● **WHAT NEEDS TO BE DONE**
Any picture in the data below should be skipped, while every line is repeated exactly.

● **DATA PROVIDED**
-.-.-
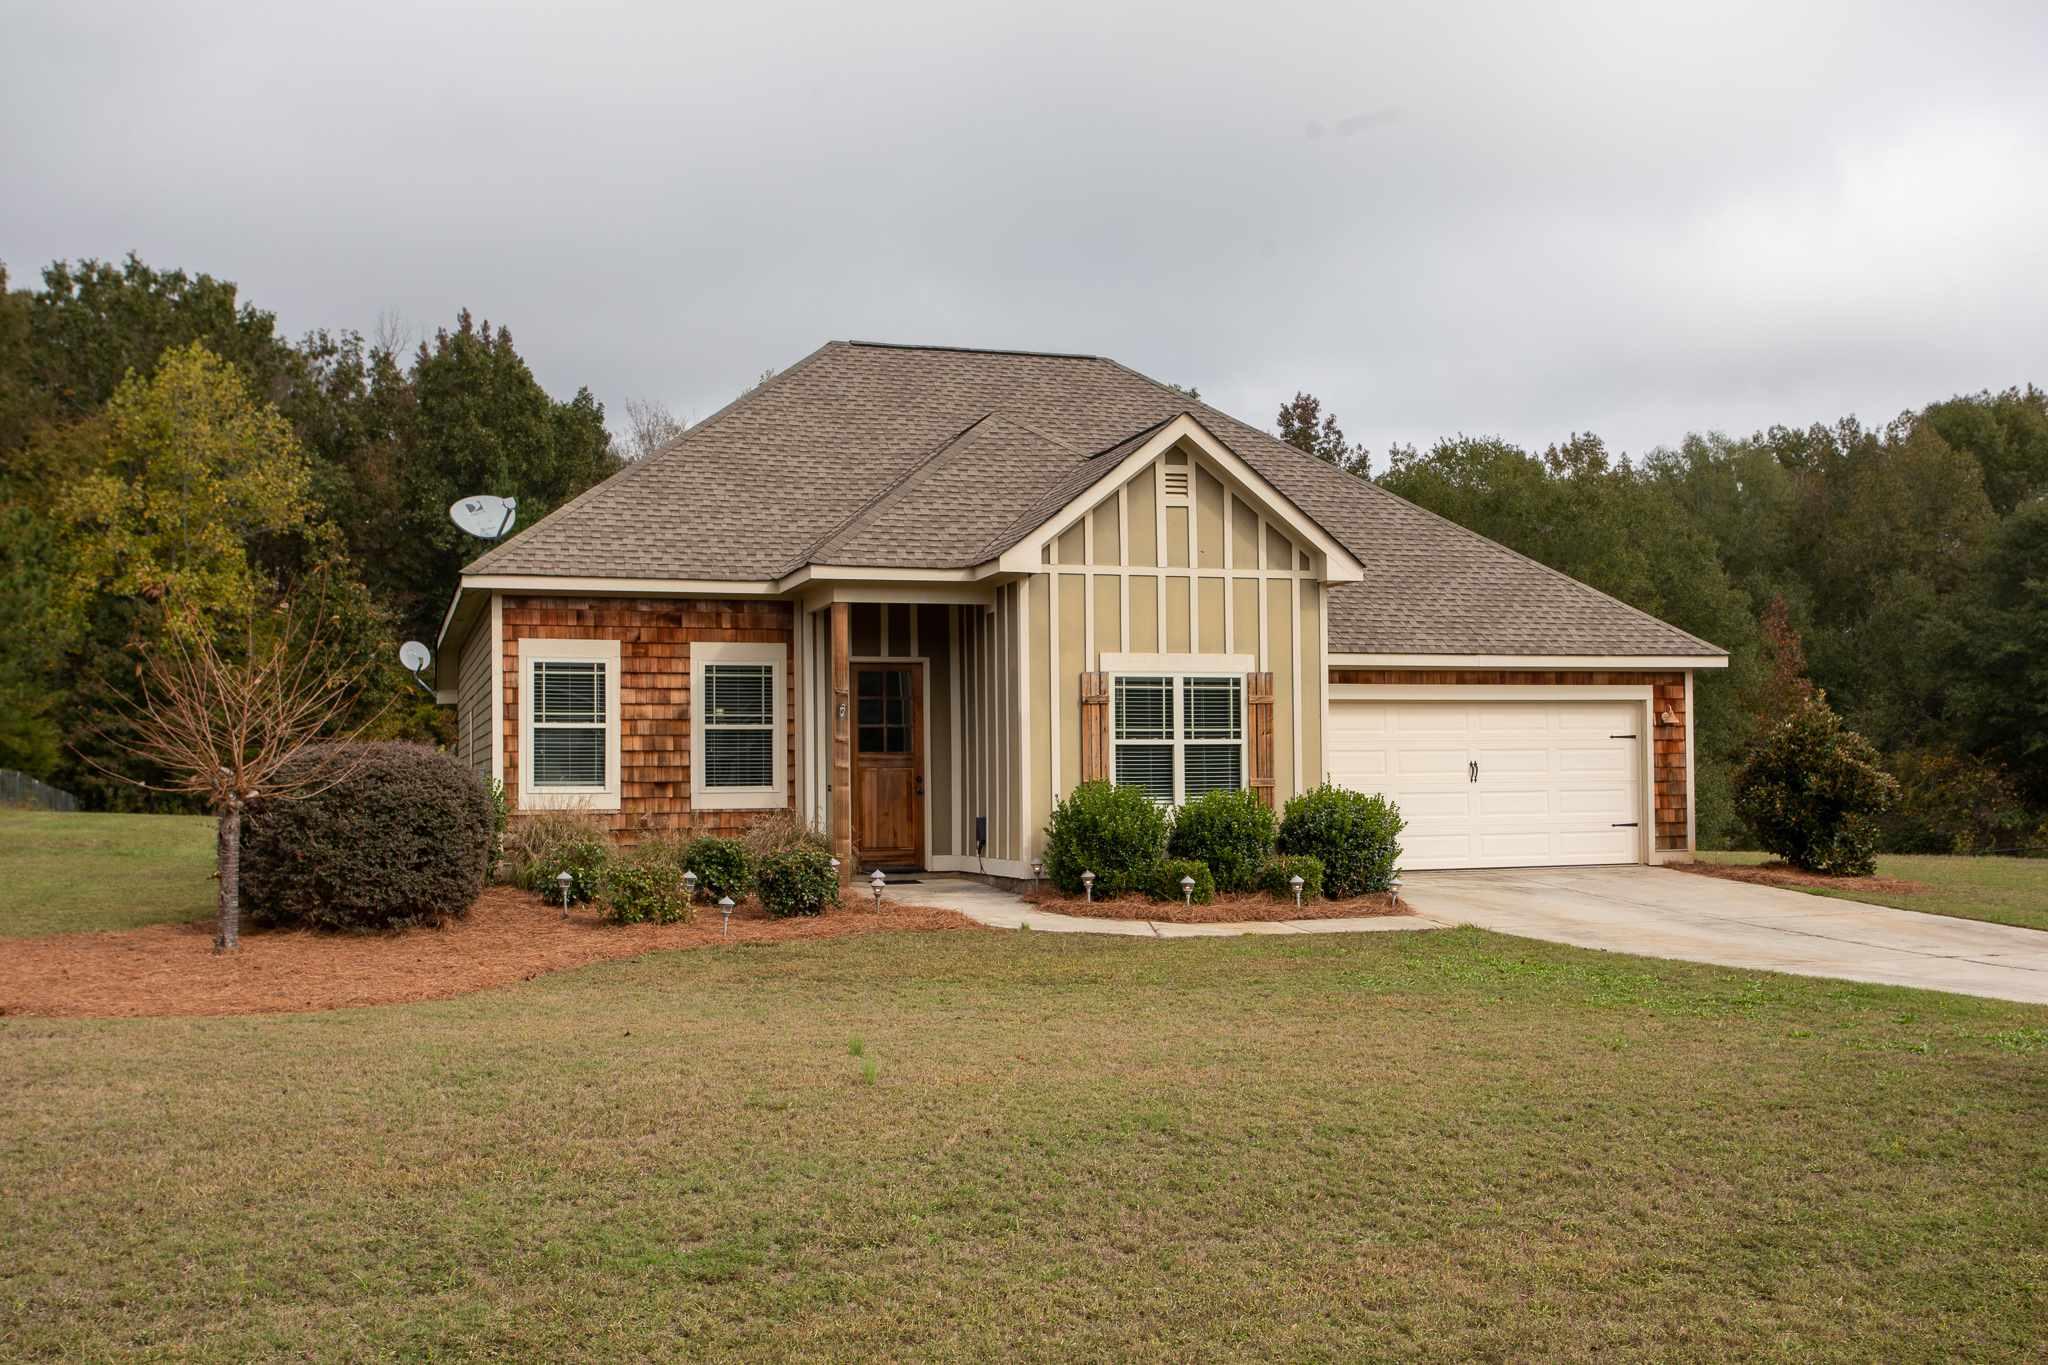 137 HUNTERS CHASE COURT, Lake Oconee in Putnam County, GA 31024 Home for Sale
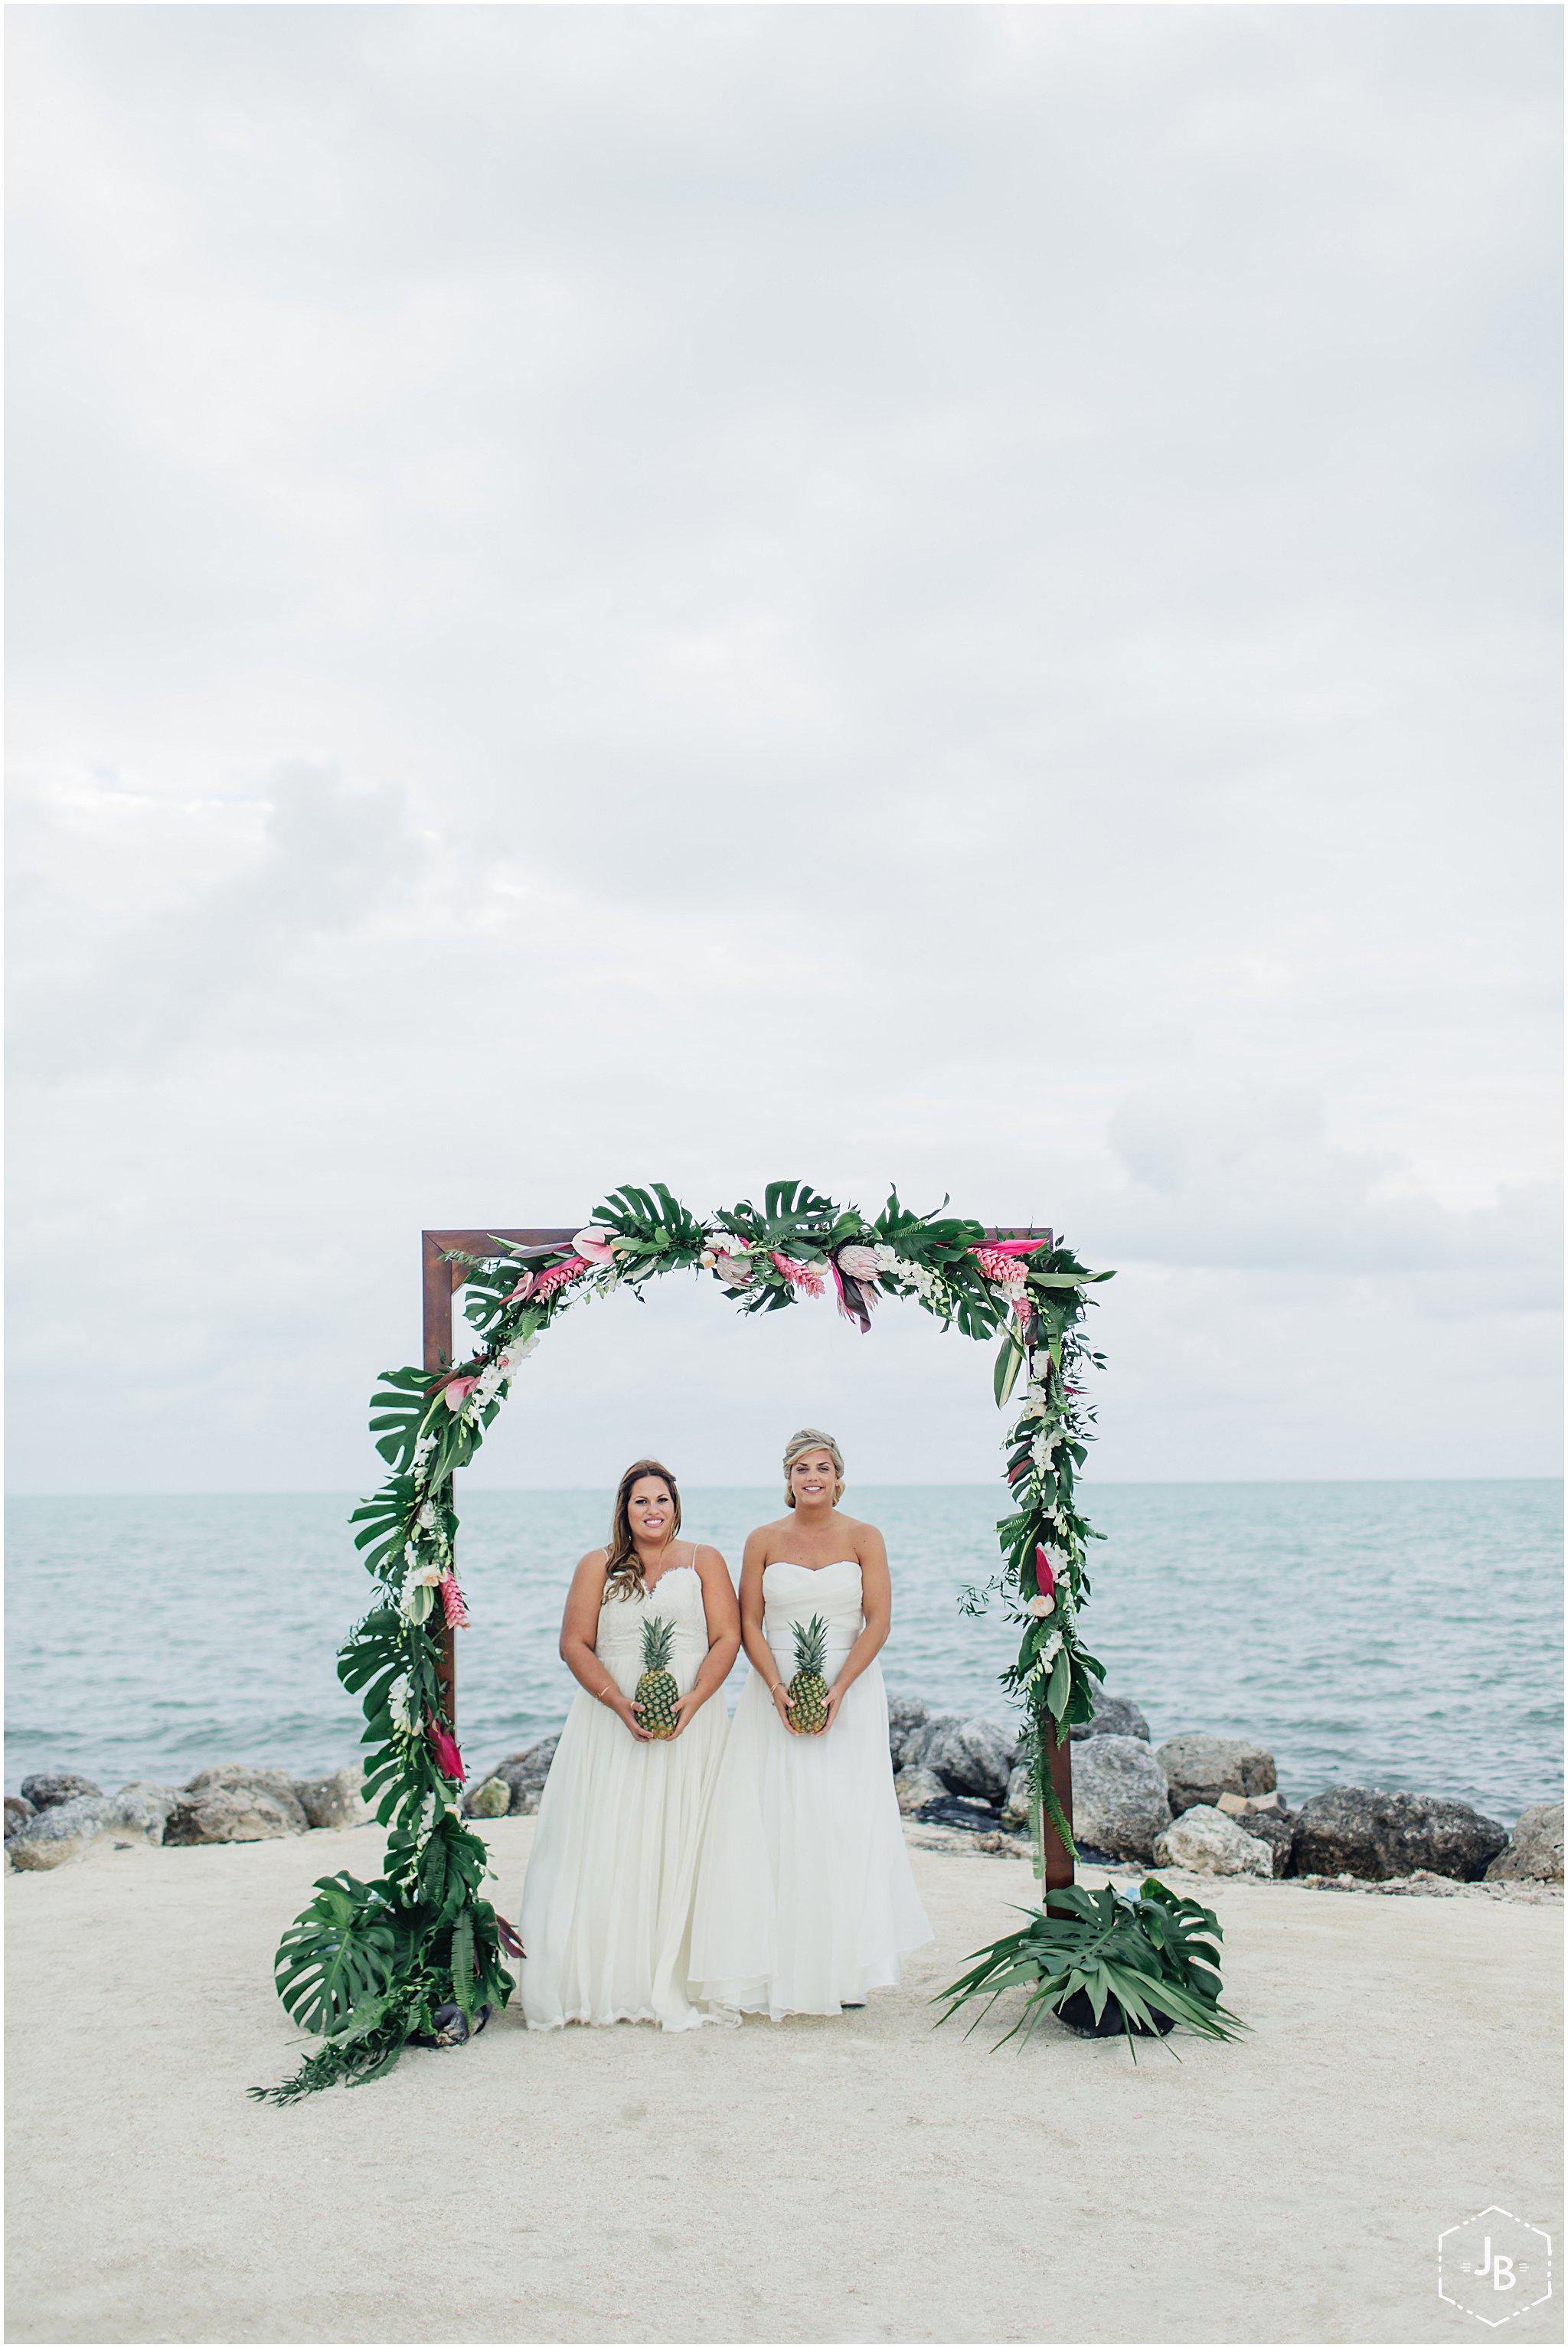 WeddingandEngagementFloridaPhotographer_1463.jpg
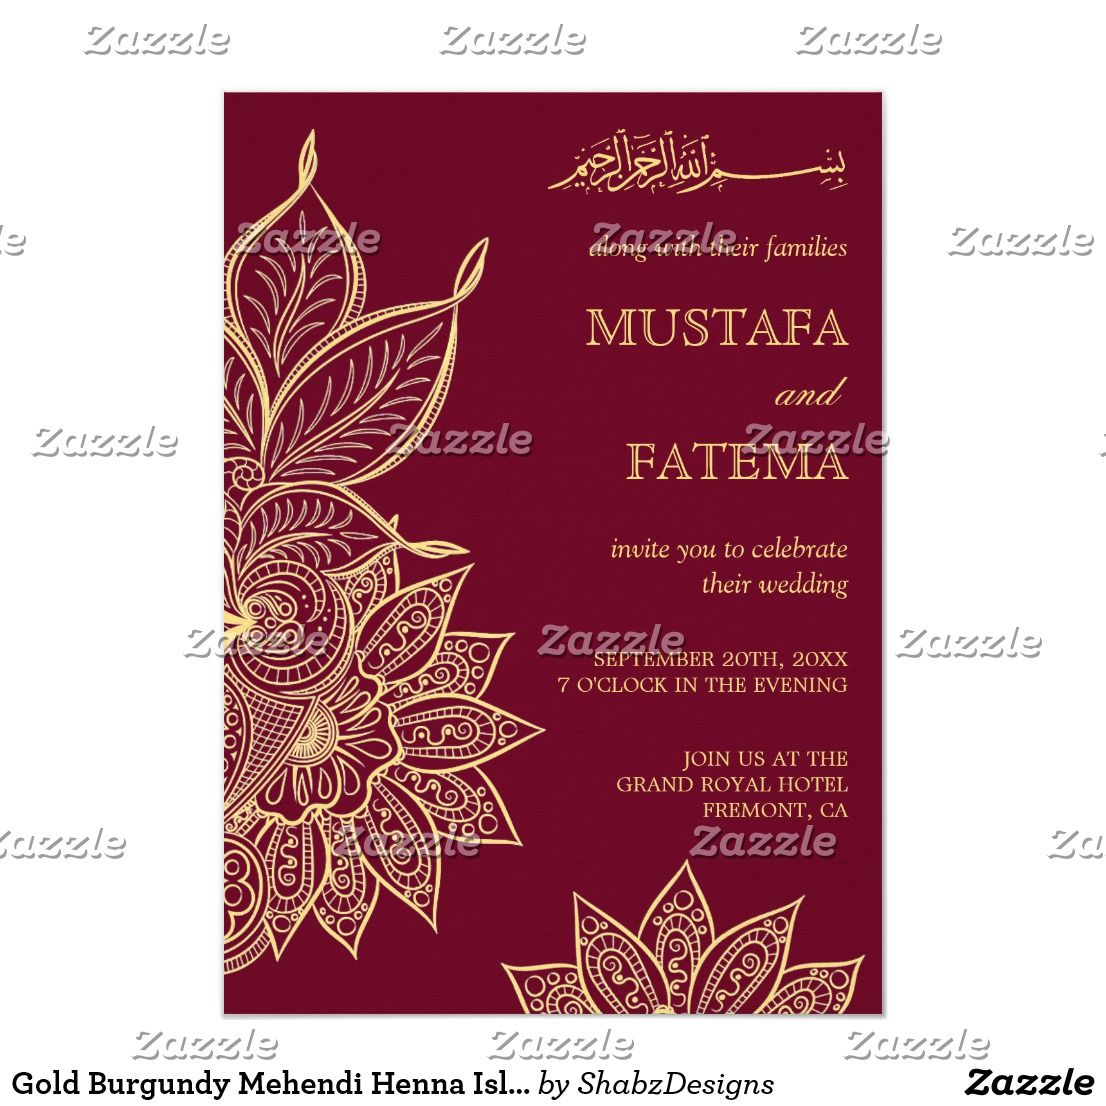 Gold Burgundy Mehendi Henna Islamic Wedding Invitation
-.-.-
● **ANSWER BOX**
 137 HUNTERS CHASE COURT, Lake Oconee in Putnam County, GA 31024 Home for Sale
 WeddingandEngagementFloridaPhotographer_1463.jpg
 Gold Burgundy Mehendi Henna Islamic Wedding Invitation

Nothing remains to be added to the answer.